Speaking of the ride, this car does. It's not uncomfortable over imperfections, but it doesn't provide over the top ride quality that makes it worthy of praise, even with an all-new platform featuring independent rear suspension. It's not going to bother you with how it rides, but it didn't leave me impressed, either. The steering, however, actually feels pretty direct. That's not really a goal for a car like this, but it's nice to see. As I mentioned, the wheel does feel a bit big. It's also hard to get it positioned exactly where you want it, even though it tilts and telescopes.
As a result of the acceptable if not incredible ride, disc brakes at every corner, and steering that is surprisingly communicative, the car feels nimble and throwable. Once again, it's hard to have any fun in this car because of the transmission, but if it were offered with something else, the Sentra SR would be a fine compact sedan for a twisty road—certainly more fun to drive than any of its CUV counterparts.
Overall, the Sentra doesn't quite measure up to others in the segment. When the new 2022 Honda Civic comes out, it's not gonna be good news for this car, and competition from Hyundai and Kia gets better and better every product cycle. If it was between this and a Civic, the decision would be pretty easy. That being said, if you still want one of these, get the cheapest one possible. If you can live without heated seats or a heated steering wheel, that's for the best. At its base price—or even a base SR trim—this car isn't bad. But even once you get into the mid-twenties, that value really begins to fall apart. Parts of the interior just feel a little too cheap to get used to.
And that leads to another question, which is, even if you wanted to pay as much as somebody theoretically would for my test car, you enter the territory of other better cars, even within Nissan's own lineup. Vehicles like the Kicks, Rogue Sport, or even a full-fledged Rogue. If you're going to lease or finance a new Nissan, does that little extra payment really make that much of a difference? I'll answer my own question and tell you no, it definitely doesn't.

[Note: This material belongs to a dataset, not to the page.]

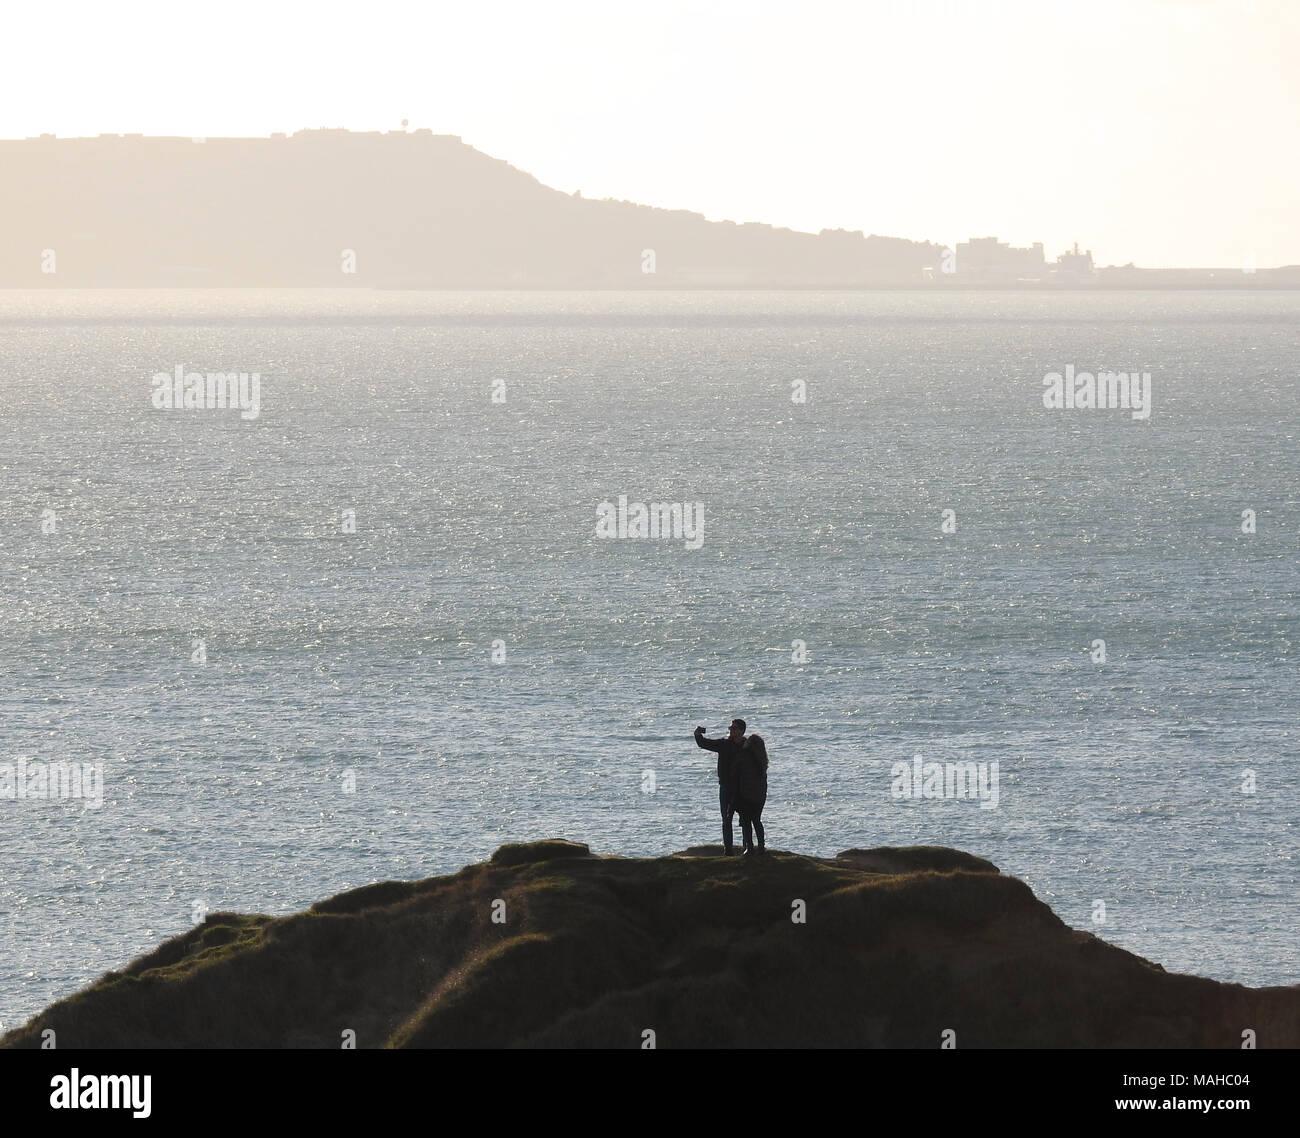 Paar unter Selfie auf einer hohen Klippe an der Küste Stockbild

And don't give me this "oh, a cheap car feels cheap, I'm stunned!" attitude in the comments. Other companies do cheap cars better, especially in 2021. Small, cheap cars are better than they've ever been. If key parts of this car like the seats, switchgear, and transmission get updated in the facelift, then this thing would be worth buying, even for 26 grand.
As it sits, though? It's a day late and more than a few dollars short.
Do you have any additional questions about the 2021 Nissan Sentra? Send me a message: [email protected]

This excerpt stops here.